The situation in the Middle East
Industry expert Analysys Mason’s report entitled ‘ The Middle East and North Africa Telecoms Market: 2014 Interim Forecast Update’ was published in late April and shows significant growth in relation to telecommunications in the region. This is particularly with regard to mobile technology, which is becoming an increasingly prevalent part of modern life.
In light of this, it has been predicted the market in the Middle East could grow significantly in value, with this potentially reaching $96 billion within the next four years.
Analysys Mason predicts the most notable growth will be seen in Qatar, Saudi Arabia and the United Arab Emirates (UAE), with the latter increasing in value at the fastest rate.
How could this growth be achieved?
Like in any industry, there could be potential barriers to this growth, such as technical or data consolidation issues.
Therefore, communications providers should have business management models in place to help them to effectively meet changing market needs and remain competitive in an increasingly digital world – an issue that industry body Gartner highlighted in a statement on Monday June 16th.
It stated companies need to ensure the system they are using meets their specific needs, is centralised to the right level and isn’t too industrialised or customised to make sure it is effective in enabling business growth and productivity, which is something firms within the Middle Eastern telecoms market – and elsewhere – should bear in mind.
Research vice-president at Gartner Susan Tan explained: “Businesses are embracing adaptive sourcing, which addresses shortcomings in existing traditional sourcing strategies and management with a three-layer approach to services – innovative, differentiate and run – each with different service requirements, value expectations, governance, architecture and vendor and risk management.”
How could IMS help?
Here at VC4, we offer a specialist business model that is designed to help telecommunications businesses throughout the world to manage their company and data more effectively, enabling them to spend more time focusing on other aspects of their firm instead, such as growth and productivity.
IMS enables telecoms companies to organise their proceedings in one central system, which can register and manage multiple networks at any one time, with numerous benefits to doing so.
The management solution can be integrated with other systems and, as it is has been designed by telecoms engineers, is sympathetic to the needs of the industry.
IMS could be of particular benefit to the chief experience officers (CxOs) of mobile operators who are upgrading their current technology to 4G LTE (long-term evolution).

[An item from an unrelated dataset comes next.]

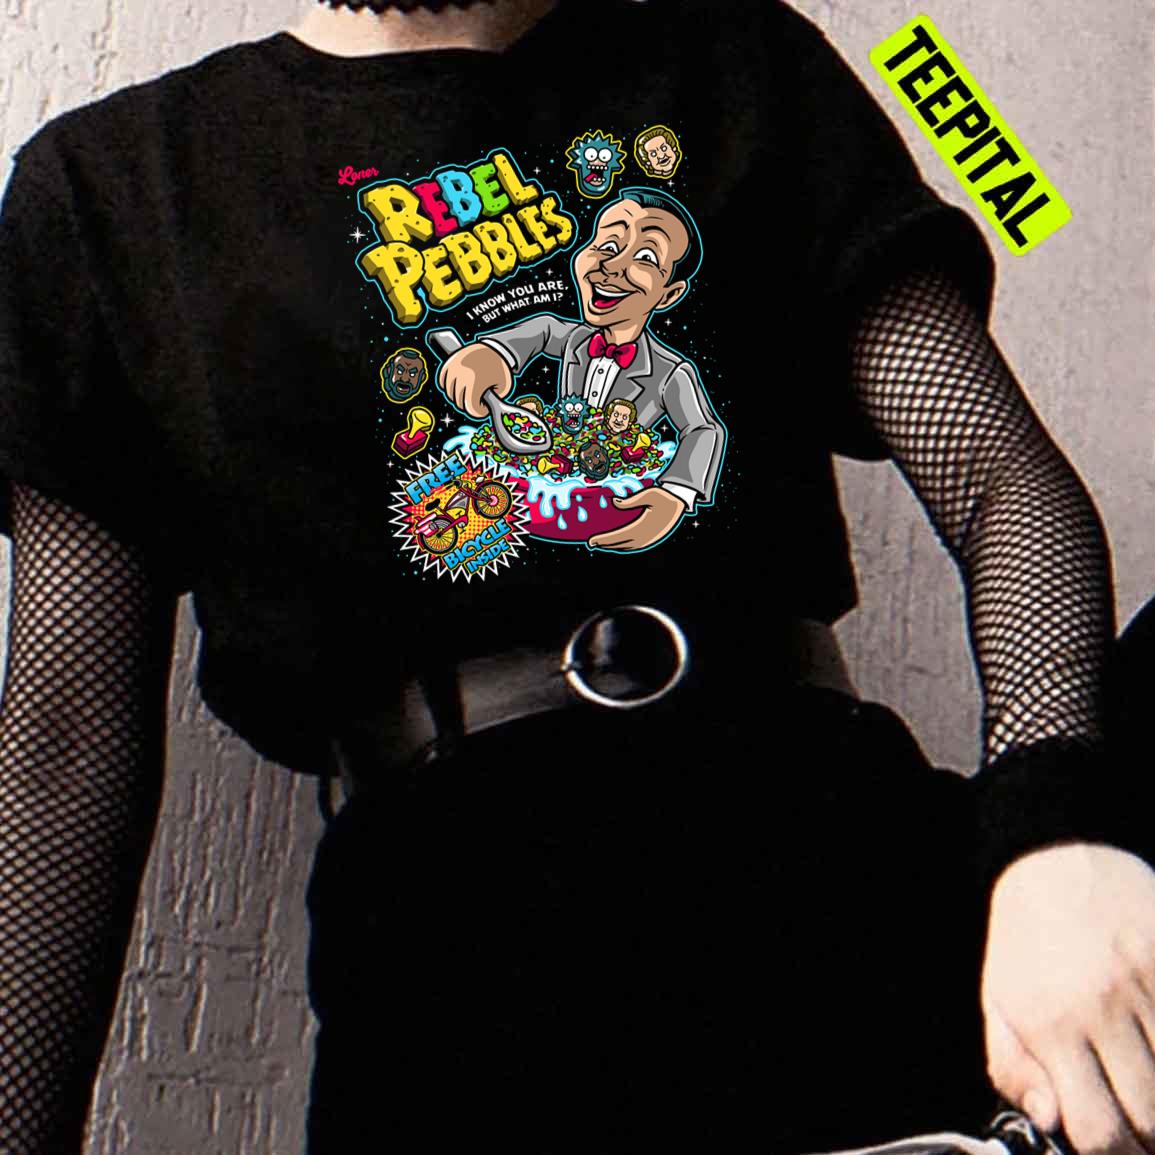 Pee Wee Herman Loner Rebel Pebbles Cereal Unisex T-Shirt

In addition, IMS would help those working for fixed-line operators replacing the existing legacy networks or rolling out the FTTX projects.
Therefore, IMS can help to increase the data quality of an organisation, helping the CxO to quickly make accurate decisions and reduce both capital and operational expenditure costs, putting the company in a solid position for future expansion.
All communication service providers have to deal with reductions in their sales margins with regard to both other businesses and consumers, but IMS can help to lower the cost involved through network optimisation.
What’s next?
It will certainly be interesting to see how the Middle Eastern telecommunications market develops over the coming few years, especially in light of advances in mobile technology and the continued growth of the UAE.
With the number of innovative business models available, as long as companies ensure they are using the right one for their needs, the predicted $96 billion may well become a reality in just a few short years.